BASEFIT= or INBASEFIT= Data Set

The BASEFIT= or INBASEFIT= data set saves the fit function value and the degrees of freedom of a baseline model for computing various fit indices, especially the incremental fit indices. Typically, the BASEFIT= data set is created as an OUTFIT= data set from a previous PROC CALIS fitting of a customized baseline model. See the section OUTFIT= Data Set for details about the format of the OUTFIT= and BASEFIT= data sets.

DATA= Data Set

A TYPE=COV, TYPE=UCOV, TYPE=CORR, or TYPE=UCORR data set can be created by the CORR procedure or various other procedures.

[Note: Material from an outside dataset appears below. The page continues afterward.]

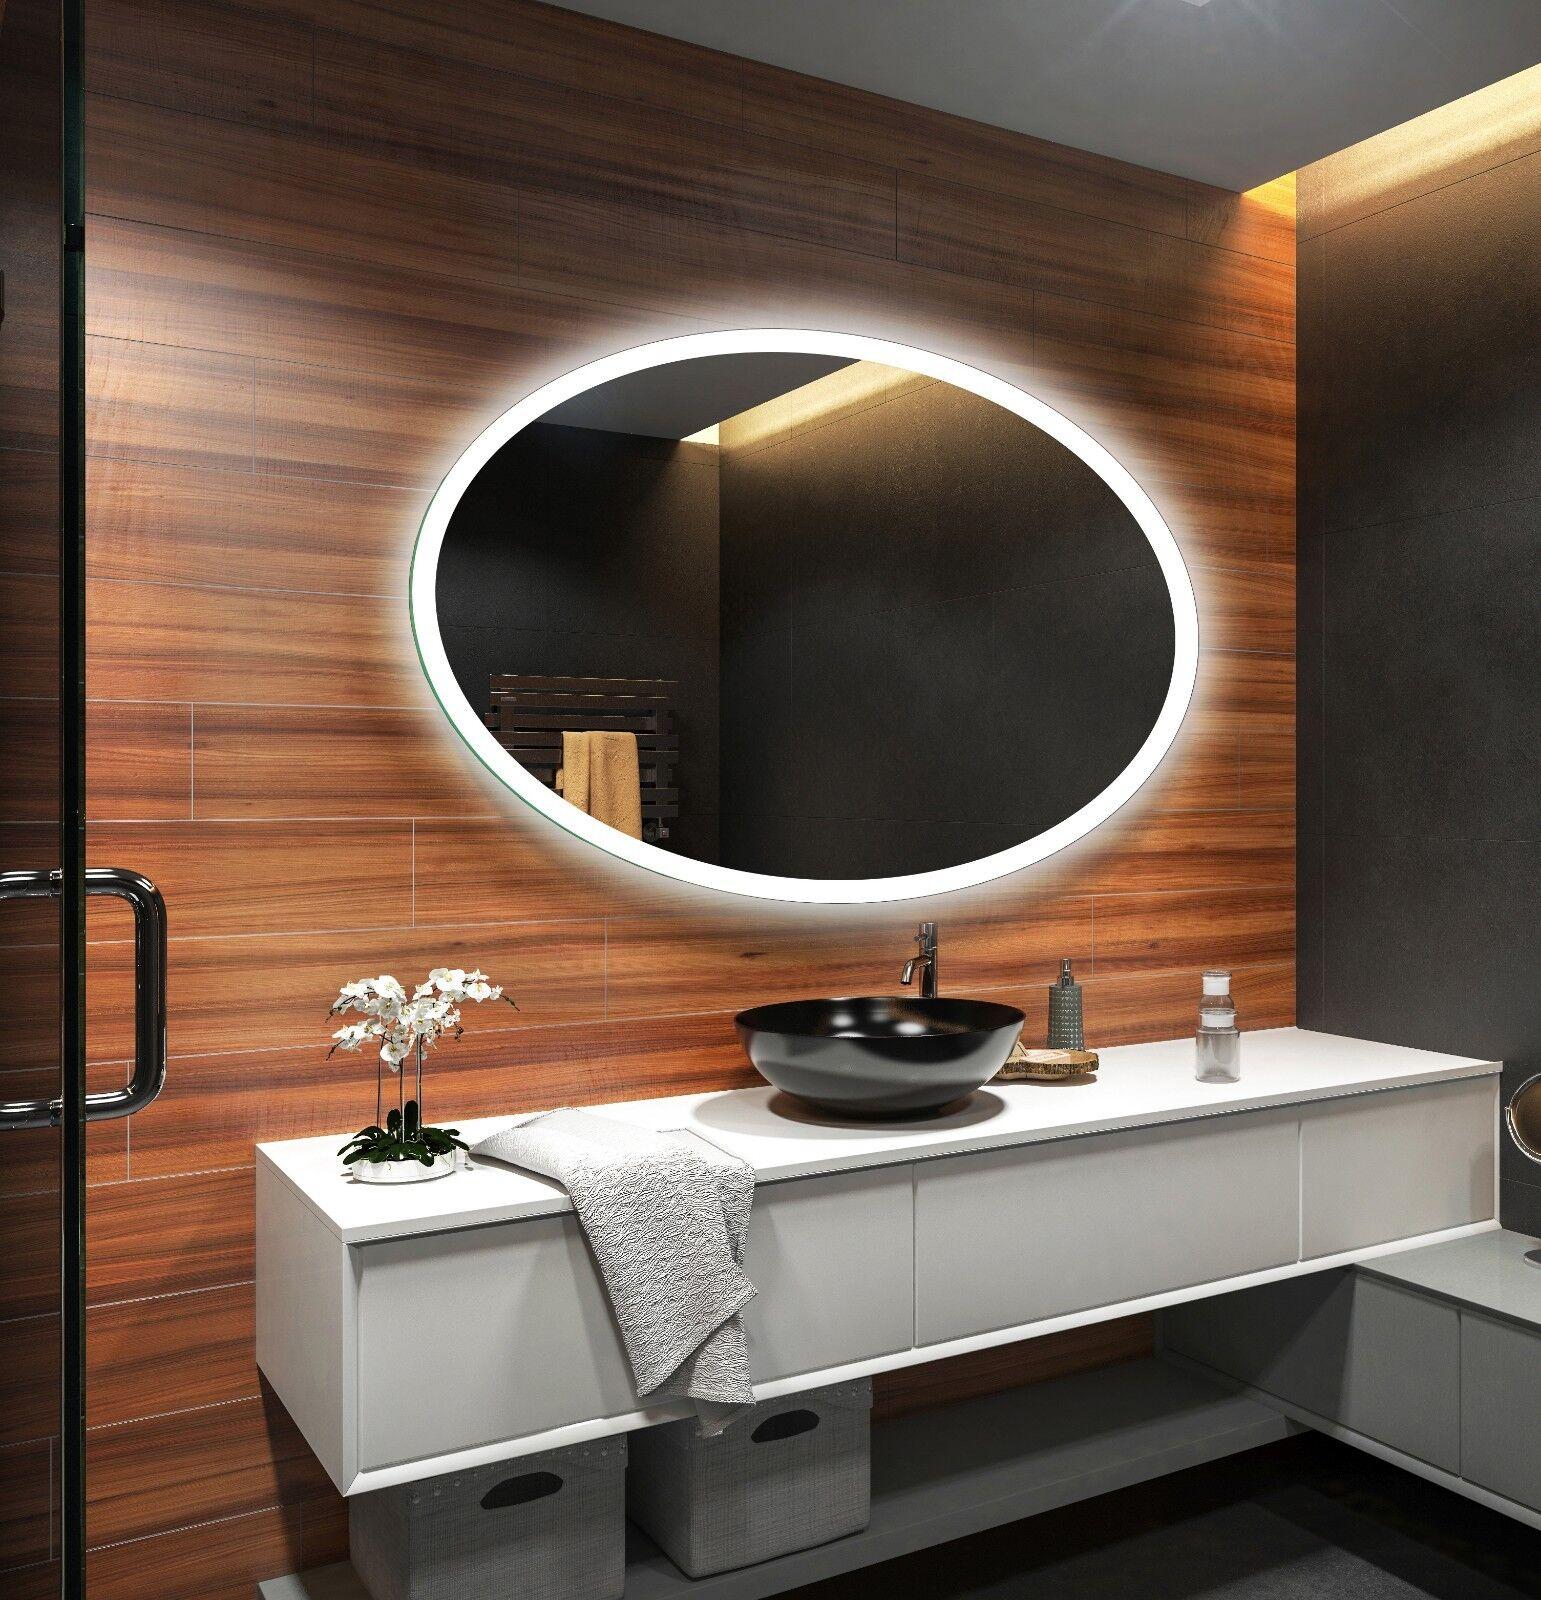 DEL Illuminé Miroir de salle de bains L74 Pour Mesurer Taille personnalisée

It contains means, standard deviations, the sample size, the covariance or correlation matrix, and possibly other statistics depending on which procedure is used.

If your data set has many observations and you plan to run PROC CALIS several times, you can save computer time by first creating a TYPE=COV, TYPE=UCOV, TYPE=CORR, or TYPE=UCORR data set and using it as input to PROC CALIS.

For example, assuming that PROC CALIS is first run with an OUTMODEL= MODEL option, you can run the following statements in subsequent analyses with the same model in the first run:

/* create TYPE=COV data set */
proc corr cov nocorr data=raw outp=cov(type=cov);
run;
/* analysis using correlations */
proc calis corr data=cov inmodel=model;
run;
/* analysis using covariances */
proc calis data=cov inmodel=model;
run;

Most procedures automatically set the TYPE= option of an output data set appropriately. However, the CORR procedure sets TYPE=CORR unless an explicit TYPE= option is used. Thus, (TYPE=COV) is needed in the preceding PROC CORR request, since the output data set is a covariance matrix. If you use a DATA step with a SET statement to modify this data set, you must declare the TYPE=COV, TYPE=UCOV, TYPE=CORR, or TYPE=UCORR attribute in the new data set.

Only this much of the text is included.